# And the Winner of the Best Backdrop Contest Is . . .



## Lee Willis (Jan 1, 2014)




----------



## gunrunnerjohn (Nov 10, 2010)

Cool Lee, and very deserving winners. Of course, everyone was a winner for participating in the contest and seeing all the entries.


----------



## Guest (Dec 2, 2016)

Thanks Lee and thanks to all of you for your comments. Elizabeth was overwhelmed when she saw this thread. She deserves all of the credit. I sure know how to pick a bride.


----------



## Spence (Oct 15, 2015)

Congratulations to both winners. They certainly deserve it.:thumbsup::thumbsup:


----------



## Todd Lopes (Nov 11, 2015)

Congratulations to the winners. Stellar artistry!


----------



## Lehigh74 (Sep 25, 2015)

Thanks lee. That’s fantastic. GATSME’s layout in Fort Washington was close to my home and I went to their open houses many times. It was sad when they got kicked out by their landlord. They basically had to destroy an incredible layout. Now that they own their own place in Rockledge, I’m looking forward to seeing their new layout when it is complete. I’ll let them know they won war bonnet brick number 2.


----------



## Jeff T (Dec 27, 2011)

:thumbsup:


----------



## Yellowstone Special (Jun 23, 2015)

Congratulations, winners! Nice going! :appl:


----------



## AG216 (Sep 28, 2011)

Congratulation to the winners!

Andre.


----------



## kstrains (Sep 19, 2015)

Congratulations! Well done! Fantastic backdrops. :appl:


----------



## Bob Phillips (Nov 25, 2014)

Excellent backdrops and well deserved. would like to see them in person. :appl:


----------



## T-Man (May 16, 2008)

Congratulations to the winners!


----------



## balidas (Jun 3, 2011)

My Congratulations as well! Some incredible work there!


----------



## Don F (Dec 5, 2015)

Congrats! Looking forward to the next contest.
Don


----------



## Wood (Jun 9, 2015)

Nicely done and congrats.


----------



## Panther (Oct 5, 2015)

Great work, Congratulations.
Dan:appl:


----------



## Dano (Aug 26, 2012)

Another great bit of fun, Lee. Thank you and very deserving picks.:thumbsup:


----------



## laz57 (Sep 19, 2015)

CONGAS to the winners way to go!!!!:appl::smilie_daumenpos:

Seems like that Aurora has been following me in my Avatar?


----------



## Guest (Dec 5, 2016)

And a good one at that, Laz.


----------



## PatKn (Jul 14, 2015)

Congratulations to the well deserving winners. Both backdrops were spectacular. :appl::appl::appl::appl::appl::appl:

Thanks Lee for holding the contest and supplying the prizes. :smilie_daumenpos:


----------



## gunrunnerjohn (Nov 10, 2010)

For the winners, I have just one question?

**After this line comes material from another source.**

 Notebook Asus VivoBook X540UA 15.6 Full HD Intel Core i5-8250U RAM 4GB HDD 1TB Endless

How well does your brick run?


----------



## Guest (Dec 6, 2016)

John, think cornerstone for the new addition.  That will be a conversation piece.


----------



## gunrunnerjohn (Nov 10, 2010)

I still think the brick needs wheels.


----------



## Lehigh74 (Sep 25, 2015)

Lee - I sent you a few PMs.


----------



## Lee Willis (Jan 1, 2014)

Lehigh74 said:


> Lee - I sent you a few PMs.


only finally sent the bricks this morning. The guys at the UPS store all thought they were cool. I let the store wrap them and they were chuckling about it. The owner is into model trains a bit and got the whole warbonnet brick thing.


----------



## walter (Jan 31, 2014)

Lee Willis said:


> only finally sent the bricks this morning. The guys at the UPS store all thought they were cool. I let the store wrap them and they were chuckling about it. The owner is into model trains a bit and got the whole warbonnet brick thing.

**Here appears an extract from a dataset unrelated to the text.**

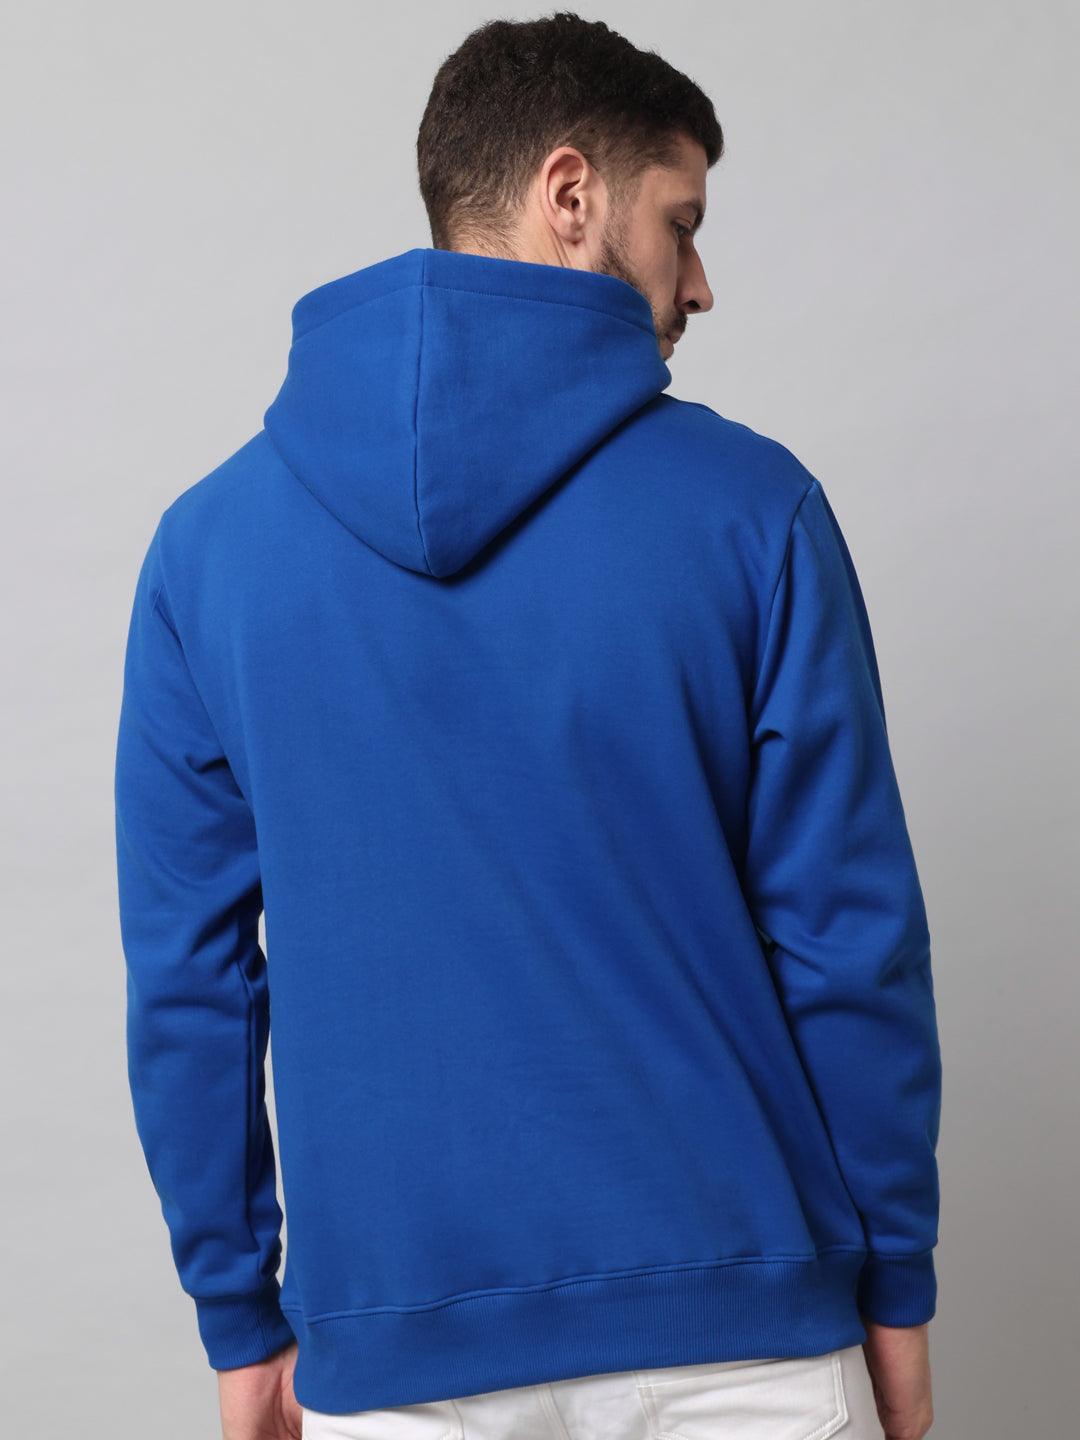 Griffel Men's Royal Cotton Front Logo Fleece Hoody Sweatshirt with Full Sleeve - griffel

Never did catch who got the "A" units and who got the "B"s?


----------



## Guest (Dec 14, 2016)

All "A's" to my knowledge, but we will have to commission Lee to do a "B" unit as well. And for that matter, we will need another "A" to make a nice ABA combo.


----------



## gunrunnerjohn (Nov 10, 2010)

It would take a train guy to understand the significance of the Warbonnet Brick.


----------



## Guest (Dec 15, 2016)

Only a train guy, John. But come to think of it, there may be some artists types out there that would love it (impression art )


----------



## balidas (Jun 3, 2011)

I just hope the winners remember to NOT throw their bricks at the tv when the referees make a bad call against their team.


----------



## walter (Jan 31, 2014)

gunrunnerjohn said:


> I still think the brick needs wheels.


The fine print left it up to the winner to add wheels for either 2 or 3 rail operation.


----------



## Guest (Dec 15, 2016)

*"The fine print left it up to the winner to add wheels for either 2 or 3 rail operation." * 

3-Rail for sure.


----------



## Lehigh74 (Sep 25, 2015)

Received the brick last Thursday. Thanks again Lee for the brick and for helping to make this a great forum. Here is my review of the warbonnet brick in case anyone missed it.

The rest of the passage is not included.